Forecasting Workflow

Energy Forecast Pipeline

Energy-market analysis and forecasting workflow combining cloud storage, orchestration, transformation, modeled warehouse layers, Prophet forecasts, and BI delivery.

Energy Forecast Pipeline cover

Overview

Energy Forecast Pipeline is an end-to-end technical project for Germany energy-market data. It demonstrates how raw energy time-series data can move through ingestion, storage, transformation, modeling, forecasting, and dashboard delivery.

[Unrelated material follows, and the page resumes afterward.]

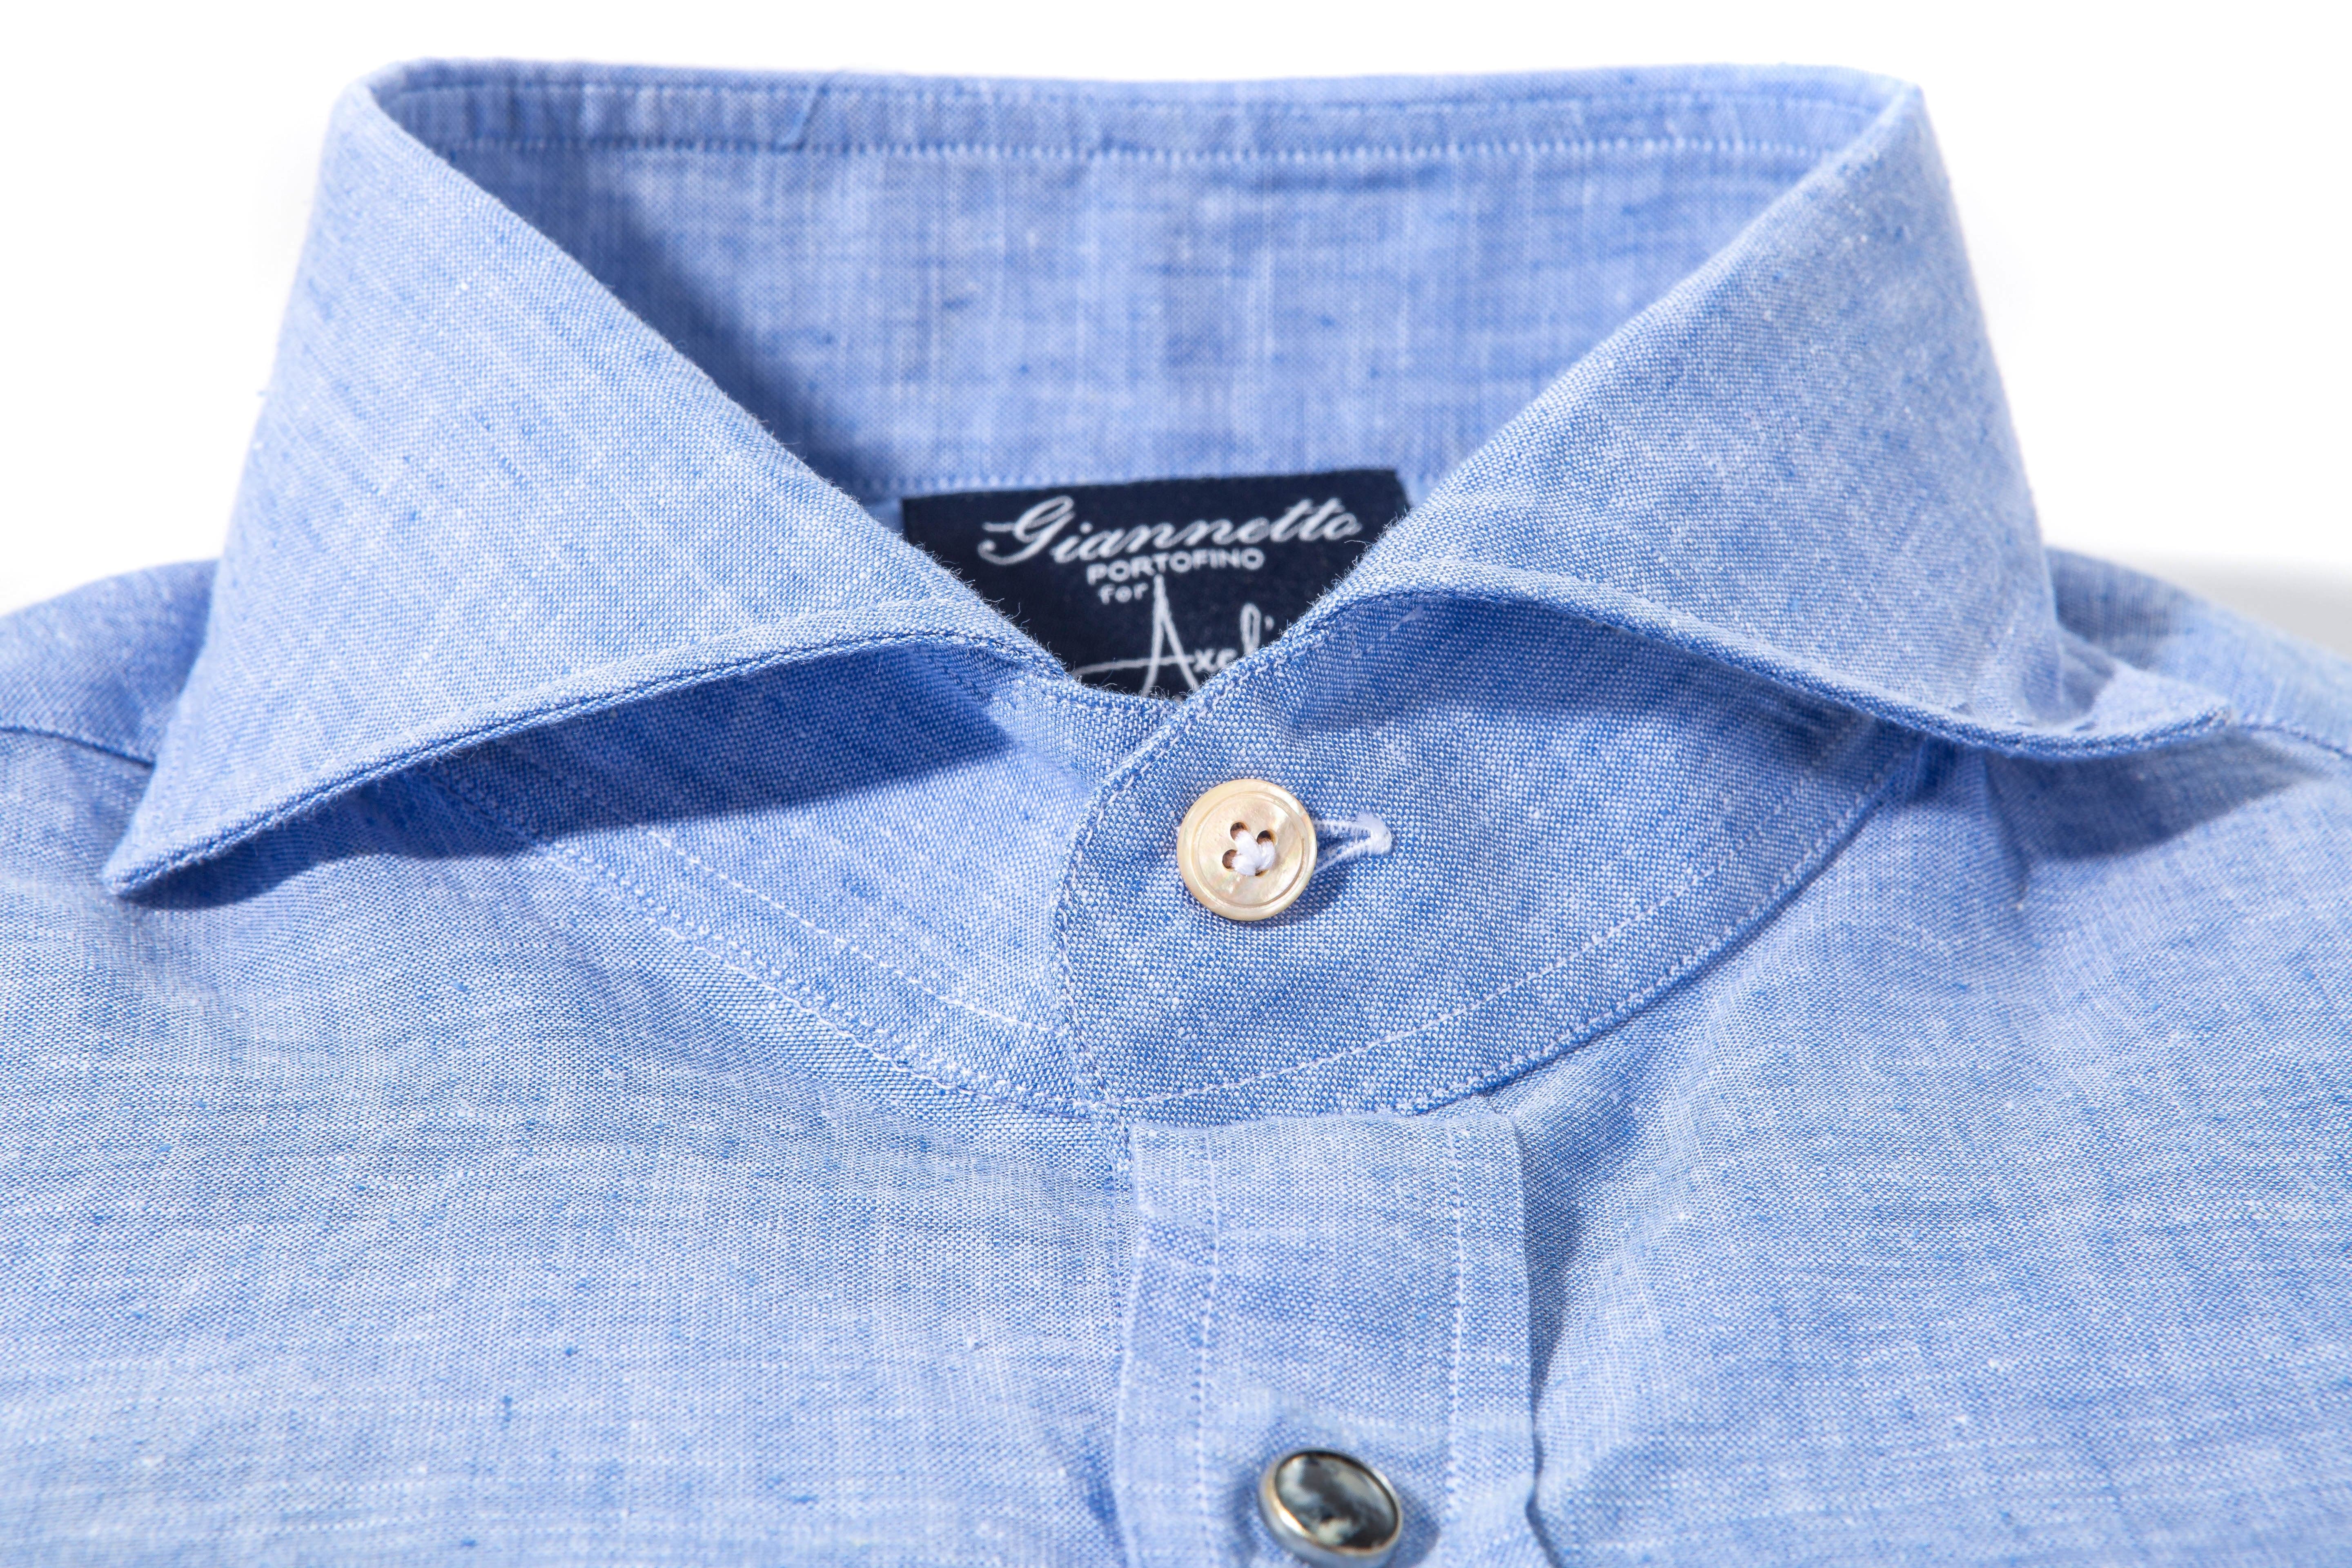 Mach Linen Cotton Shirt in Blue - AXEL'S
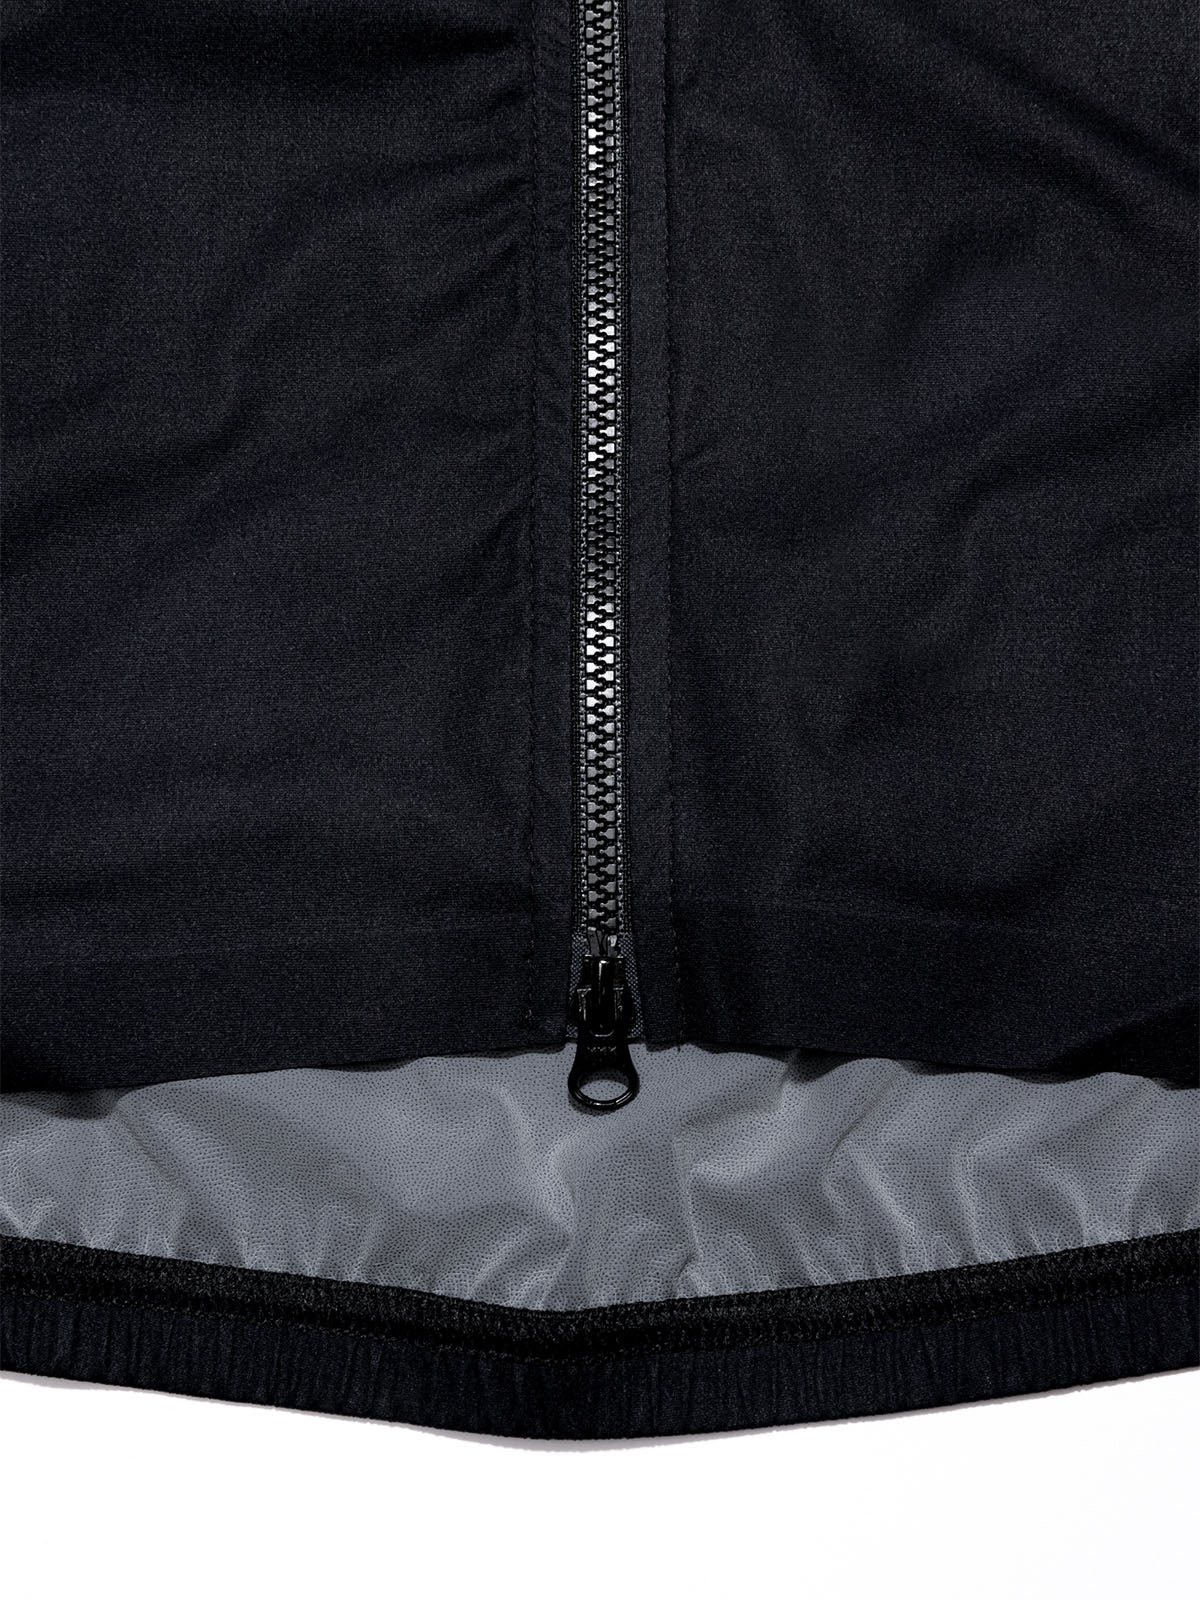 Altosphere Vest von Mission Workshop - Wetterfeste Taschen & Technische Bekleidung - San Francisco & Los Angeles - Für die Ewigkeit gebaut - Garantiert

The project is intentionally built as a full pipeline rather than a single notebook.

Problem

Energy analysis requires clean time-series data, reliable transformations, forecast-ready aggregates, and dashboards that help stakeholders understand load, solar, wind, and demand trends.

Solution

Terraform provisions cloud resources, Airflow coordinates data movement, PySpark prepares the energy dataset, BigQuery stores analytical tables, dbt builds modeled marts, Prophet generates future load forecasts, and Power BI presents the final dashboard.

Technical Highlights

  • Data lake structure with raw, clean, and forecast zones in GCS.
  • Airflow DAGs for upload and BigQuery transfer workflows.
  • PySpark transformation of Germany load, solar, wind, and regional transmission fields.
  • dbt staging and mart models for daily load and renewable generation summaries.
  • Prophet forecasting using solar and wind regressors.
  • Power BI reporting over historical and forecast outputs.

Architecture

The workflow follows this path:

  1. Upload raw hourly energy CSV data to GCS.
  2. Transform with PySpark.
  3. Load clean data into BigQuery.
  4. Build dbt staging and mart models.
  5. Generate Prophet forecasts.
  6. Upload and load forecast output.
  7. Present historical trends and future demand through Power BI.

Future Improvements

  • Add dbt tests and source freshness checks.
  • Add CI validation for DAG imports and SQL compilation.
  • Containerize the PySpark transformation step.
  • Add forecast-drift monitoring.